Избыточным было и движение: будь то движение на широких улицах, в узеньких переулках или внутри огромных зданий. Меня сразу же подхватила огромная потная благоухающая целым океаном ароматов и источающая амбре разной степени привлекательности однородная спешащая и шумящая масса, и так я постиг ещё одно свойство Америки: каждого новичка, независимо от его качеств, превращать в часть своей массы. И вот я, увлекаемый бесконечным американским потоком, устремляюсь куда-то: словно бы и вместе со всеми, но в то же время сам по себе, и при этом внутри меня начинает расти, подходить, закипать, возгоняться и перегоняться и чёрт-те что ещё делать моя персональная Америка, и вот она уже гораздо больше меня, она настолько больше меня, что порою мне начинает казаться, что это я – её часть, и уже непонятно, где я прежний, где я нынешний, где моя персональная внутренняя Америка, а где Америка как таковая.
Последнее кажется очевидным лишь на первый взгляд. Умом каждый понимает, где находится Америка. Но когда ты галопируешь в безумном и безостановочном потоке миллионных американских масс, ты не думаешь, ты реагируешь на что попало и как попало, и в итоге это выходит гармонично: Америка учит тому, что спонтанность – главное благо. Все спонтанные – равны, как понял я тогда; все спонтанные равны: это – Америка.
И в этой Америке всё жарче. Если по моём приезде жара и духота были невыносимы, то теперь они сами превзошли собственные превосходные степени; окружающие и сам я плавали в собственных испарениях, вся Америка превратилась в жару и запах живой разгорячённой плоти, а привычная бешеная свистопляска, казалось, достигала собственного апогея, уже задыхаясь, изнемогая, издыхая, но побеждая собственную ограниченность, сминая все ограничения: биомасса текла стремительно, избавляясь от одних своих элементов и вбирая в себя всё новые, это движение было роскошным, завораживающим, бессмысленным и естественным танцем жизни.

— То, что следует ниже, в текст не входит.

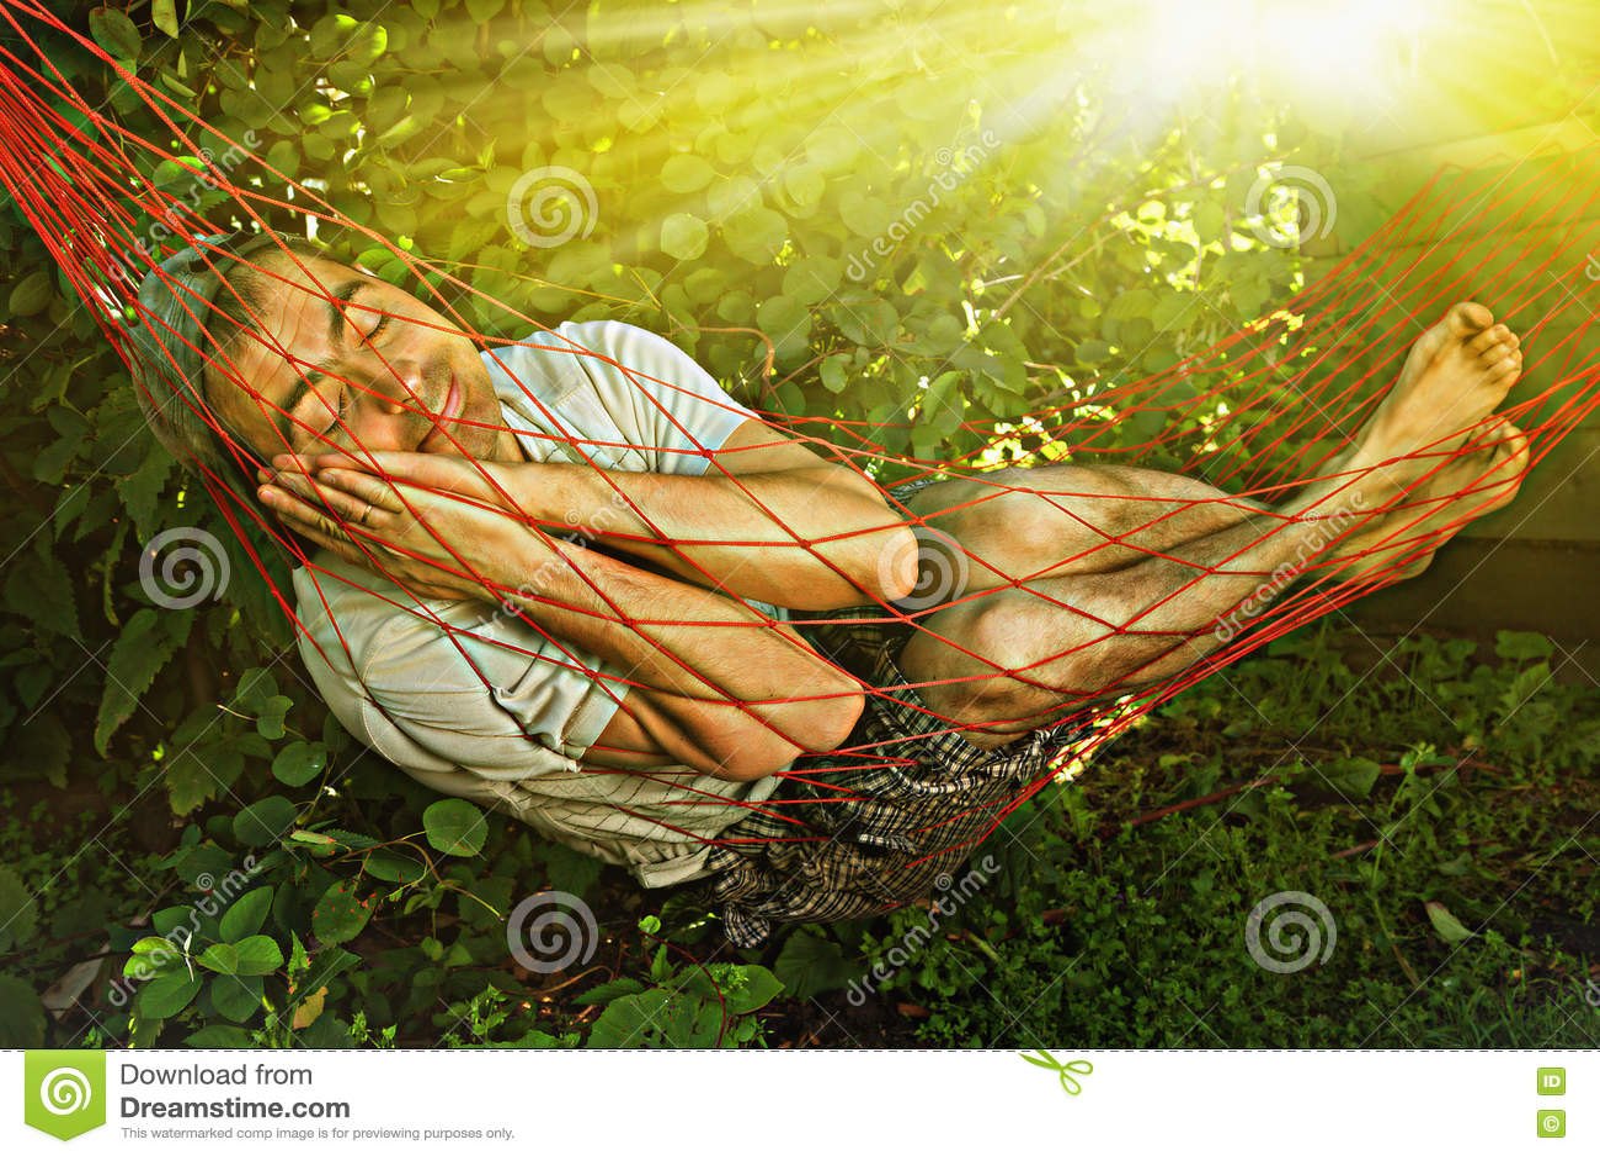 Man Sleeping In Hammock Stock Image Image Of Happy
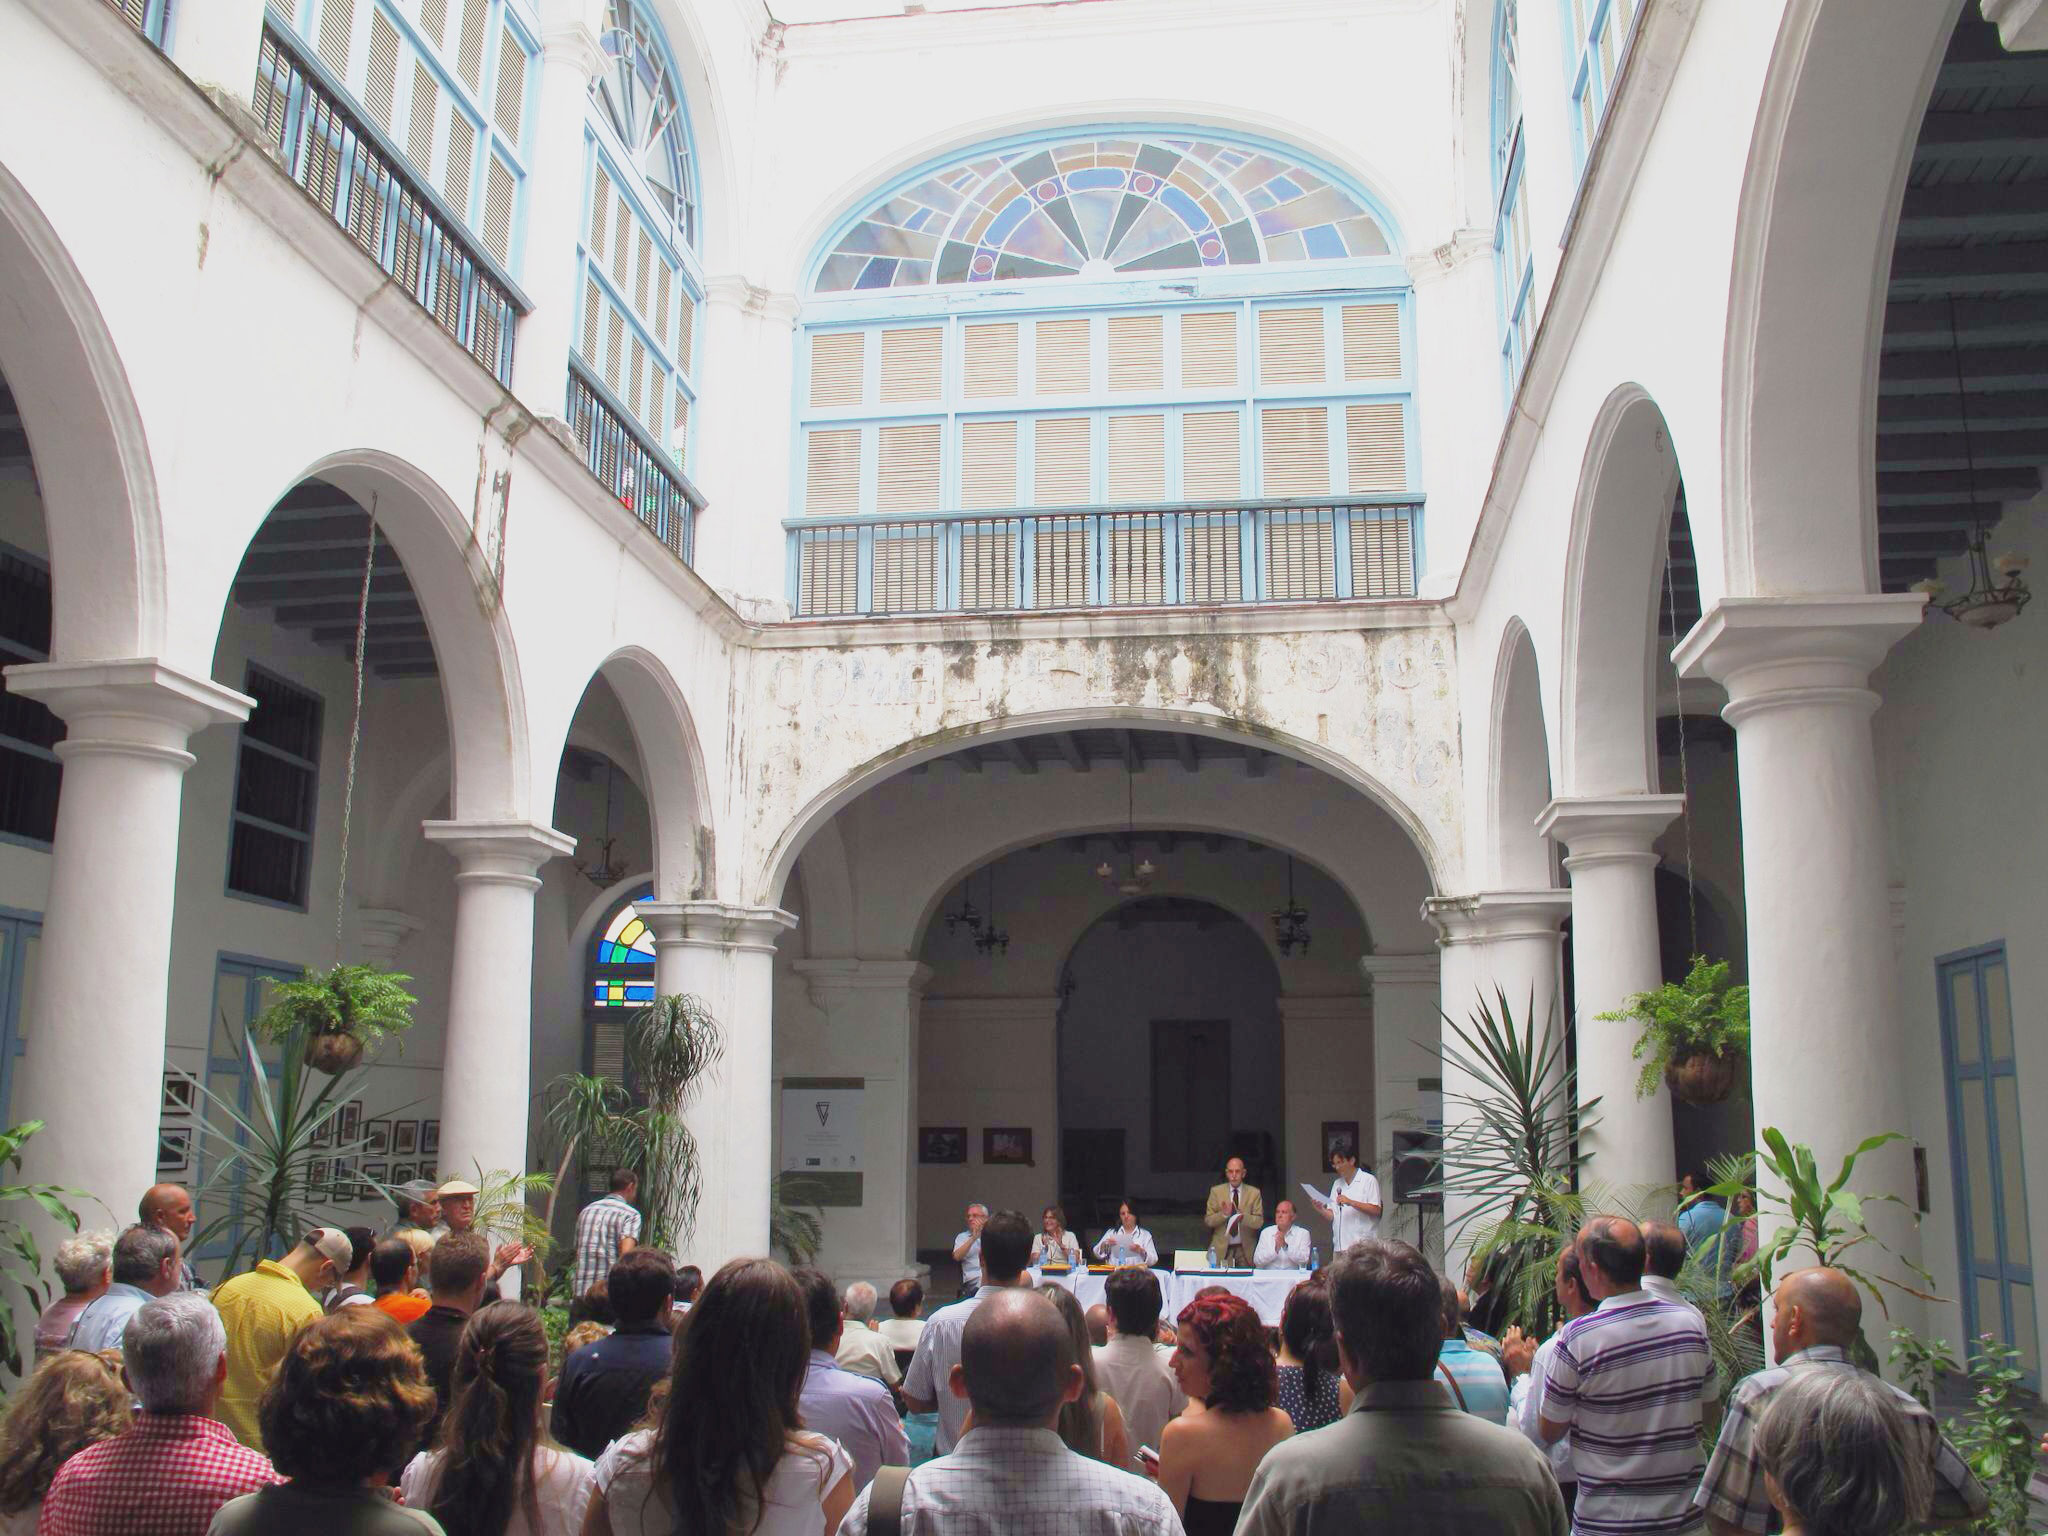 inauguracion_XI jornadas arquitectura vernacula gonzalo de cardenas_vitrina de valonia_casa de conde de canongo

Среди всей этой толкотни я лишился, казалось, собственного лица, собственной индивидуальности, я слился с толпой, в этой беспрестанной толчее я действовал как элемент общей движущейся массы, и тем страннее было порой ловить себя на собственных ощущениях. Так, когда жара и духота, казалось, достигли возможного максимума, я осознал, что неплохо справляюсь с выпавшей на мою долю нагрузкой, пожалуй, я бы даже сказал, что начал получать удовольствие от этого небывалого ритма. Десятью минутами спустя, когда накал солнца ещё более усилился, я понял, что могу уже не принимать в расчёт этот нечеловеческий жар, что мой организм начинает приноравливаться к местному климату. И даже то, что я был уже далеко не такой свежий, как в первые мгновения своего присутствия в Америке, меня, скорее забавляло, нежели огорчало. Неряшливость и потливость – оборотная сторона активности и стремительности, как подумалось мне; конечно, и речи нет о том, чтобы перестать заботиться о своём внешнем виде, но сейчас, пока я ещё не впитал в себя американские порядки, это должно служить мне утешением: я не более потен, чем окружающие, но зато так же скор, как они.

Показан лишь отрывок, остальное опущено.